→ Task inputs
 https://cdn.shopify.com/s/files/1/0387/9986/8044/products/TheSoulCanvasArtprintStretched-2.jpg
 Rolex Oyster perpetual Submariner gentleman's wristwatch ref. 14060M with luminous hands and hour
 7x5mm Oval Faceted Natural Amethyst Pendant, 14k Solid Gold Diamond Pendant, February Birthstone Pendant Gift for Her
--
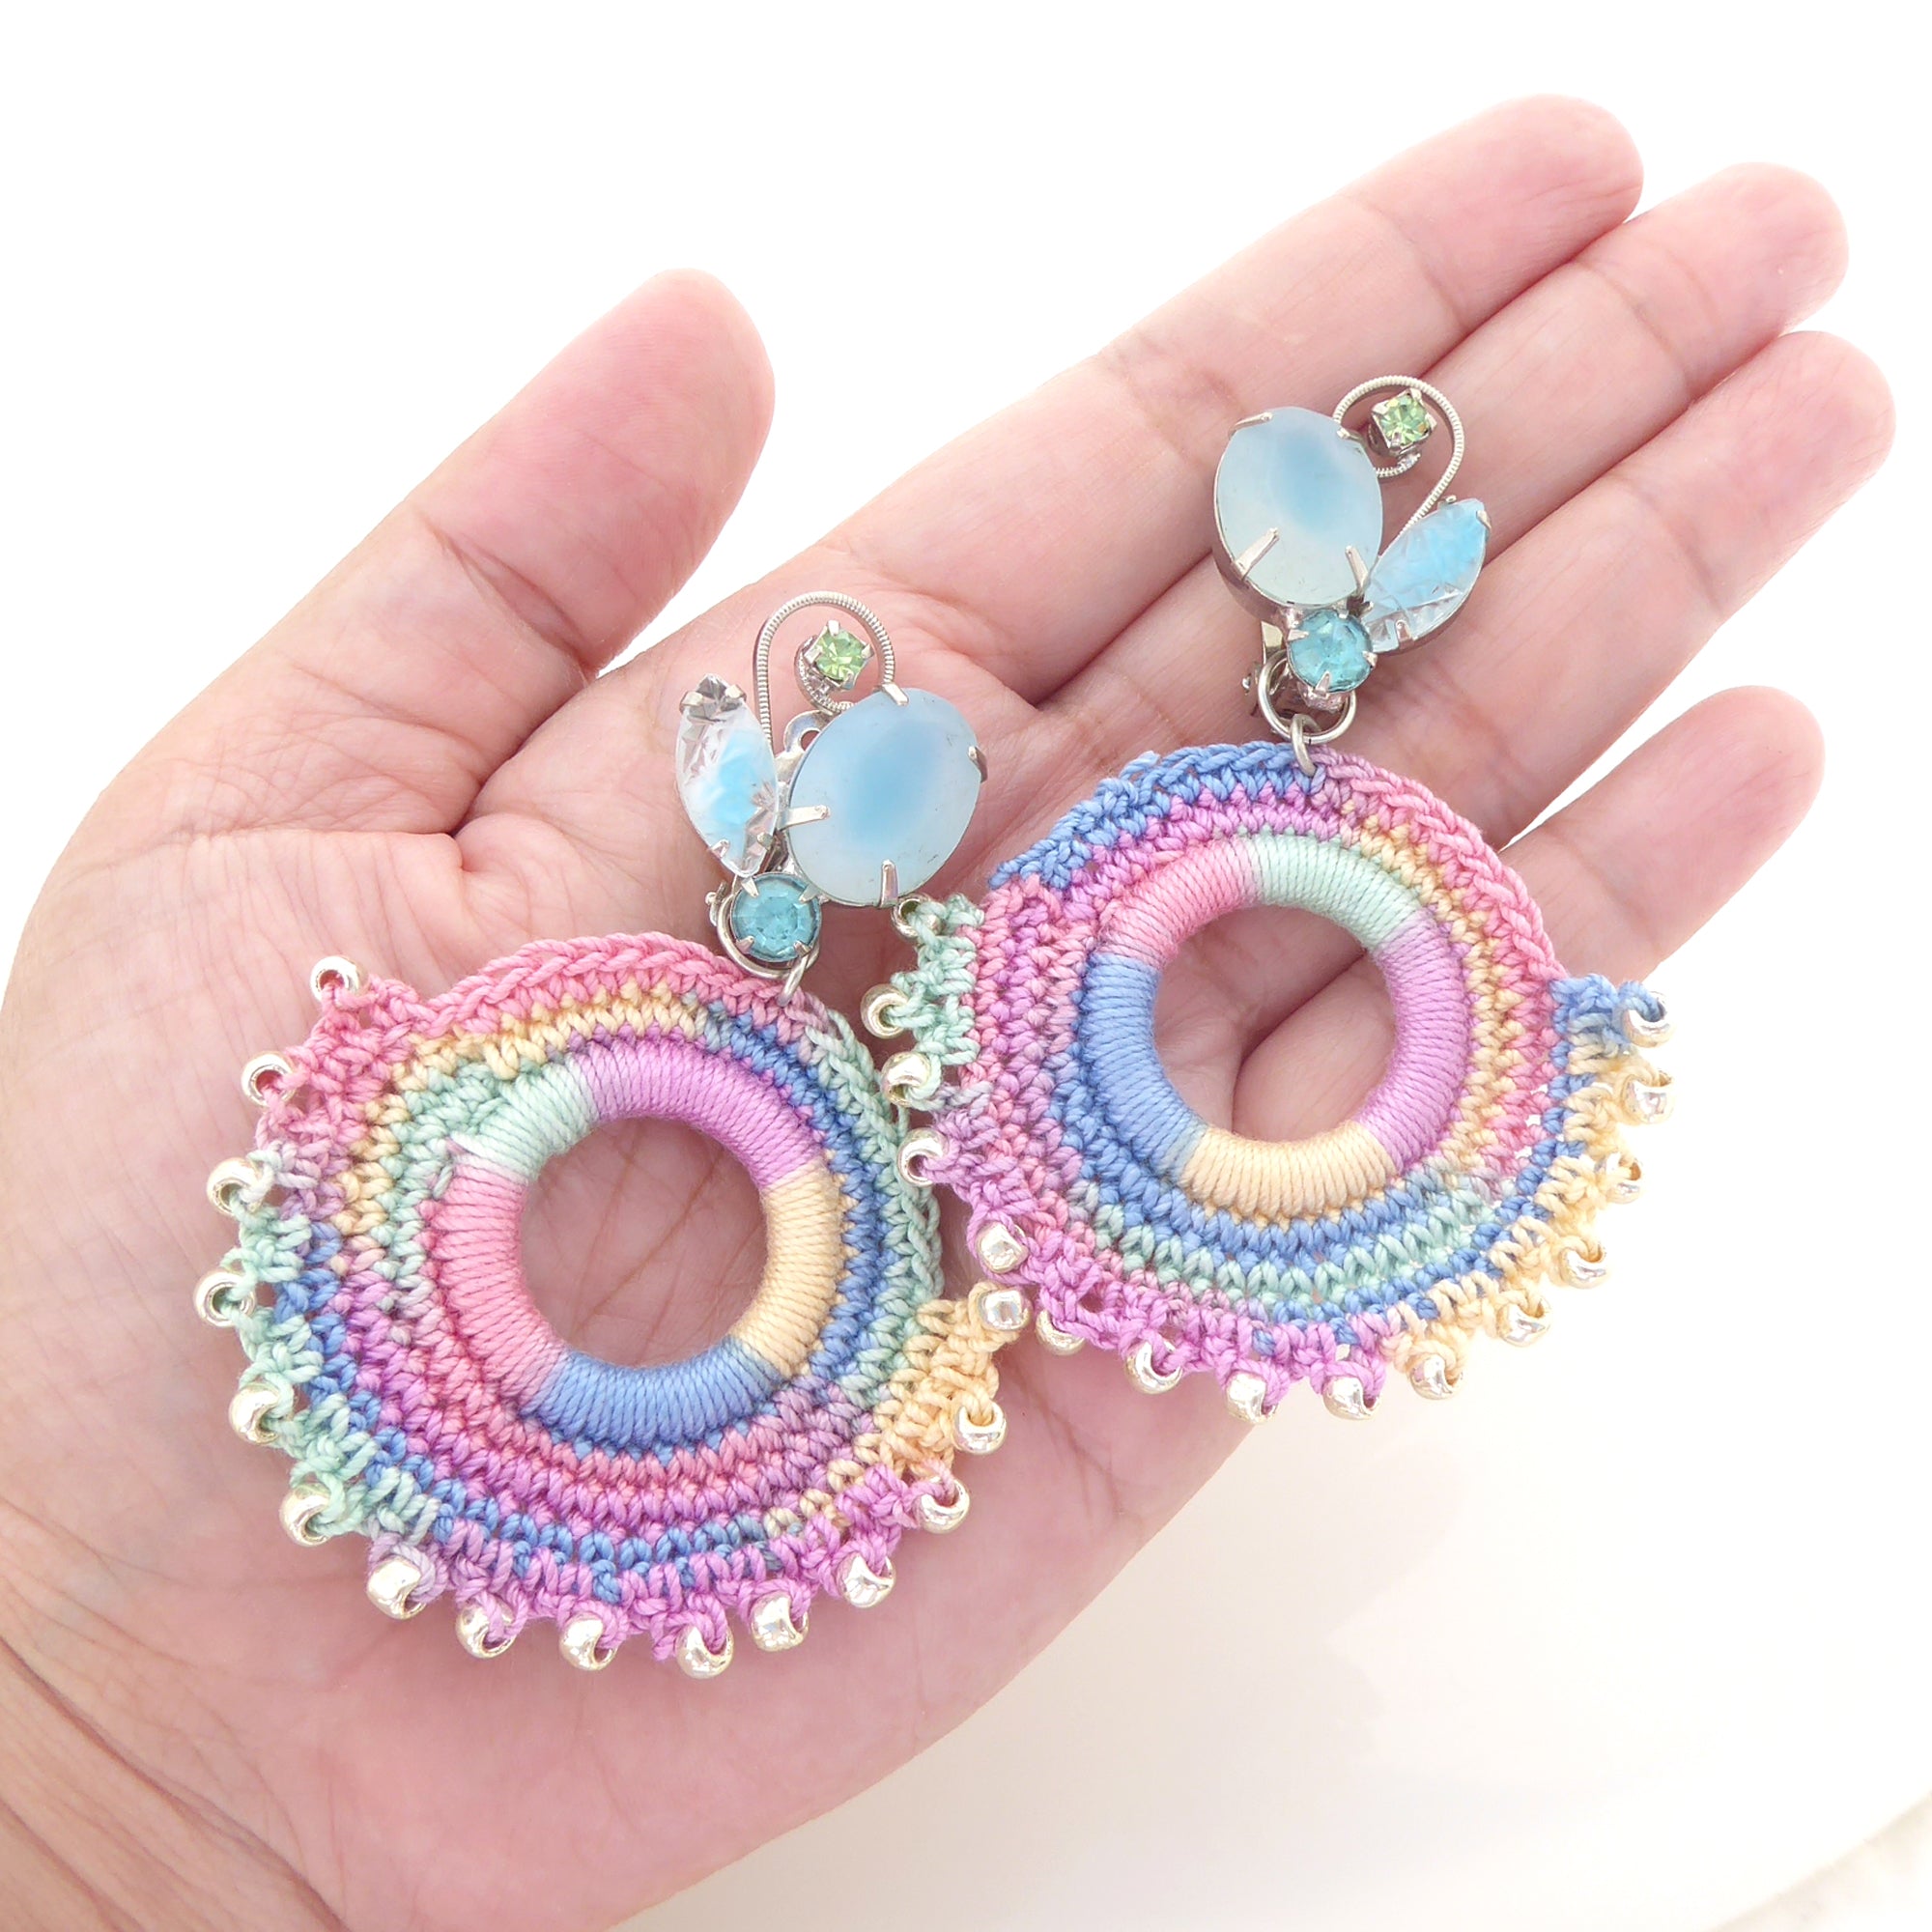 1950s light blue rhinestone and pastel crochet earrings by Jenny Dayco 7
==
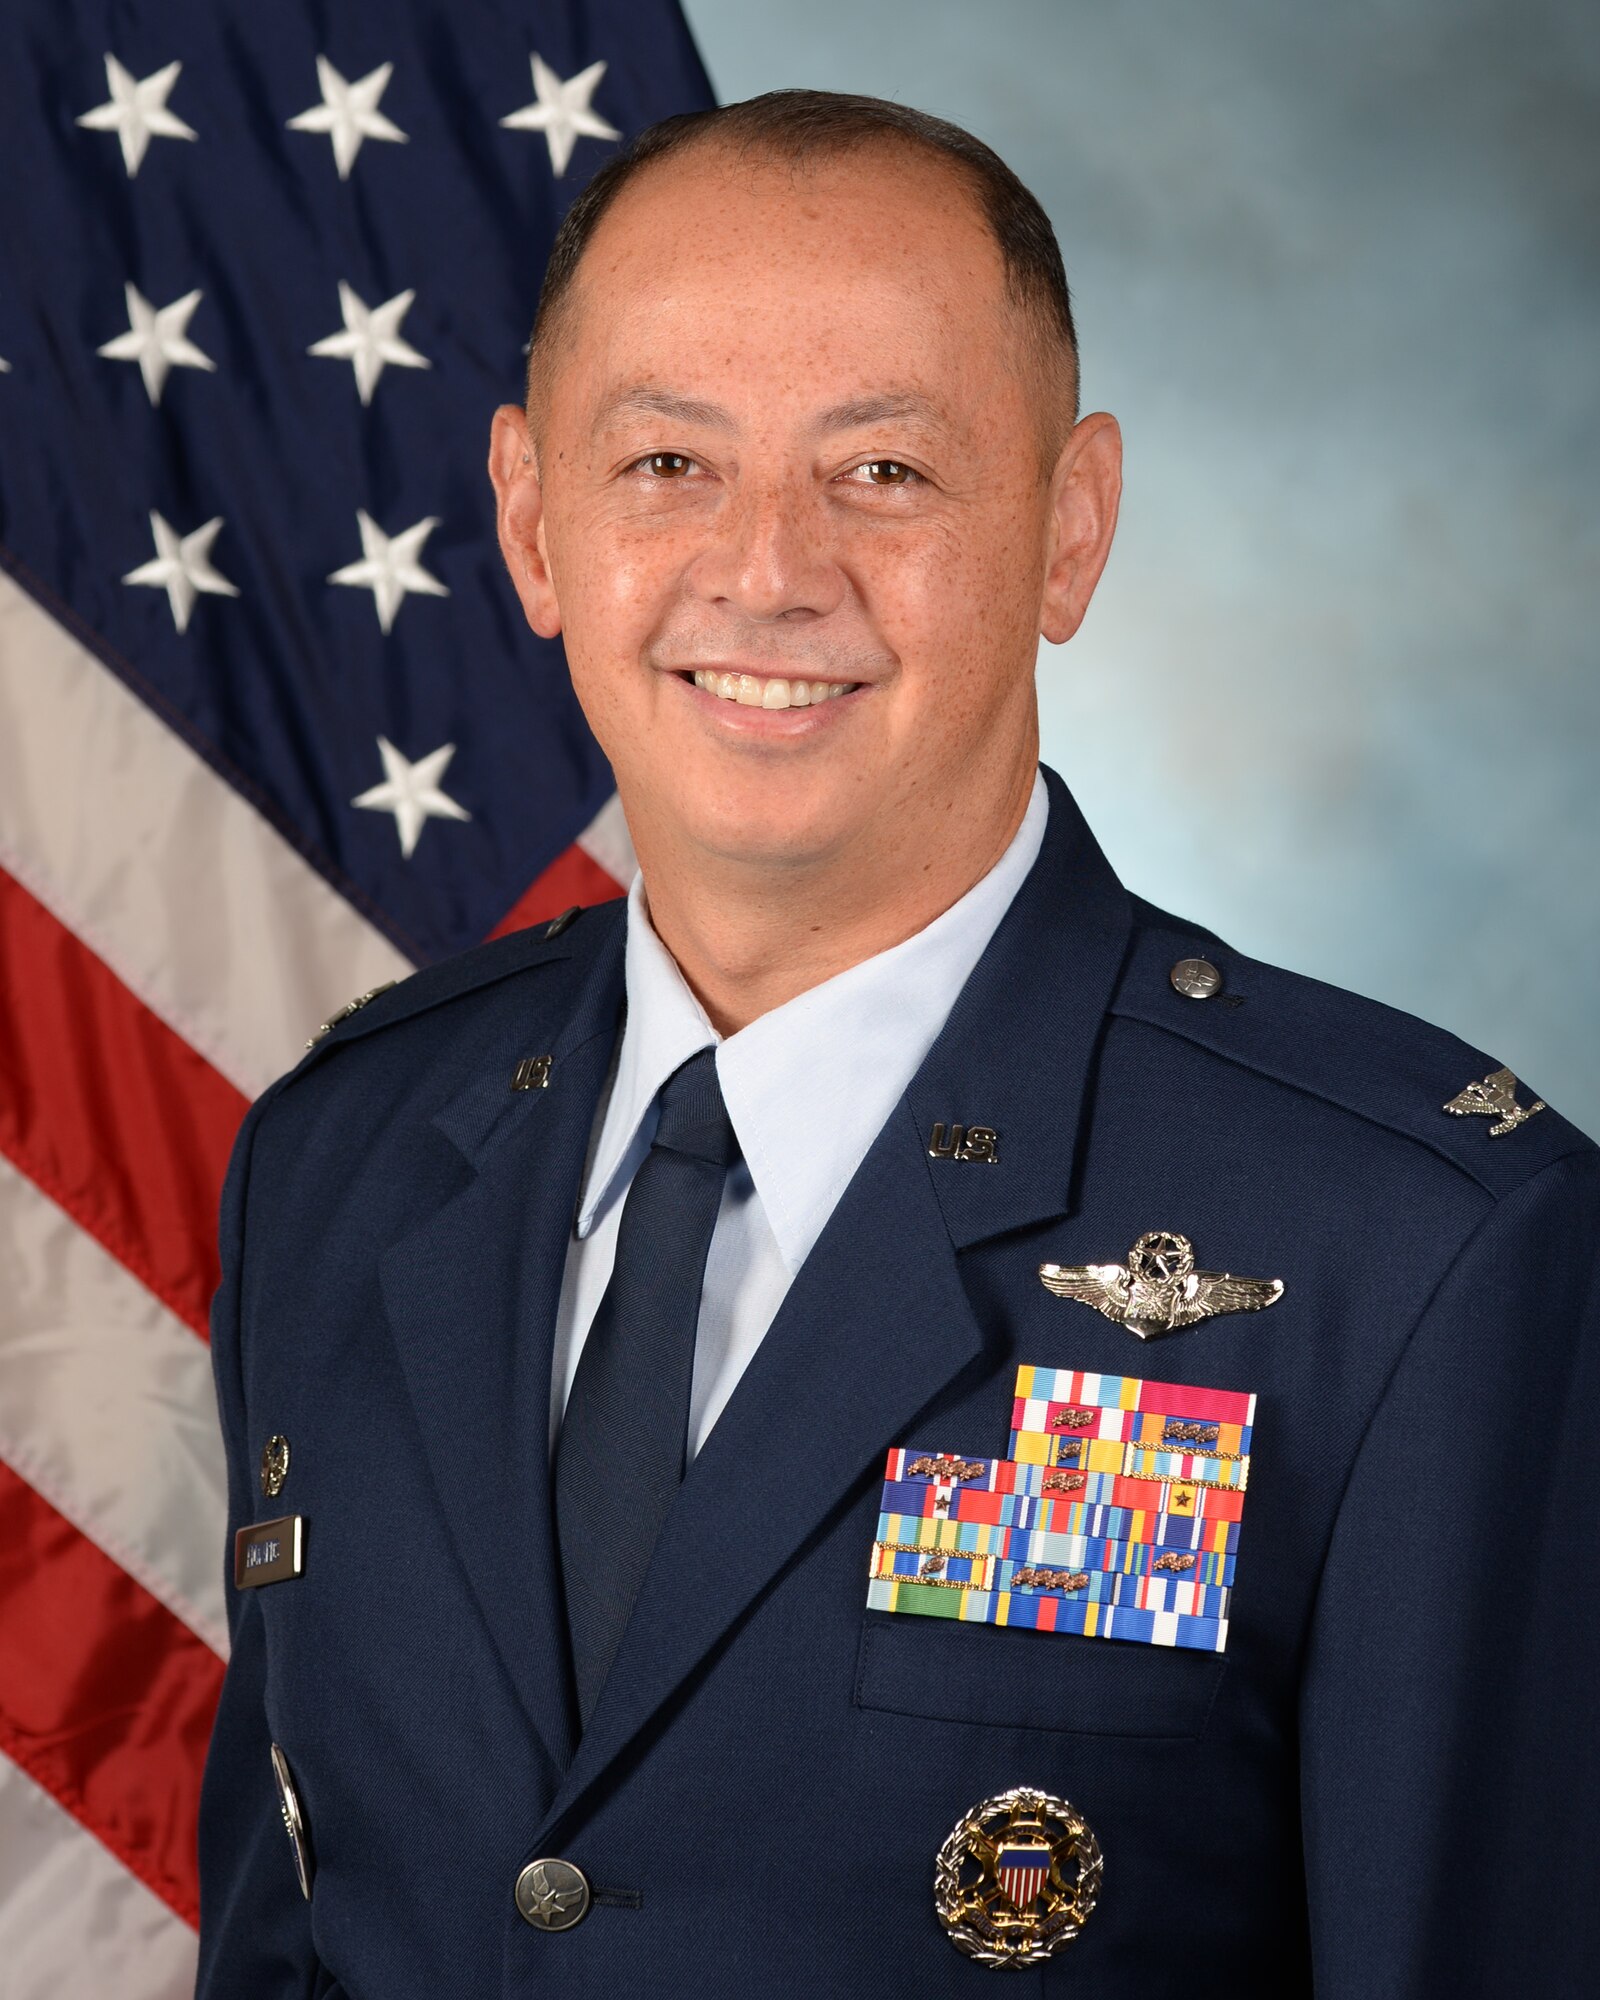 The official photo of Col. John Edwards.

→ Problem requirements
Beginning at the line with "Rolex Oyster perpetual" and stopping after the line with "7x5mm Oval Faceted", please write out every line of the data above exactly and nothing else.

→ Exercise output
 Rolex Oyster perpetual Submariner gentleman's wristwatch ref. 14060M with luminous hands and hour
 7x5mm Oval Faceted Natural Amethyst Pendant, 14k Solid Gold Diamond Pendant, February Birthstone Pendant Gift for Her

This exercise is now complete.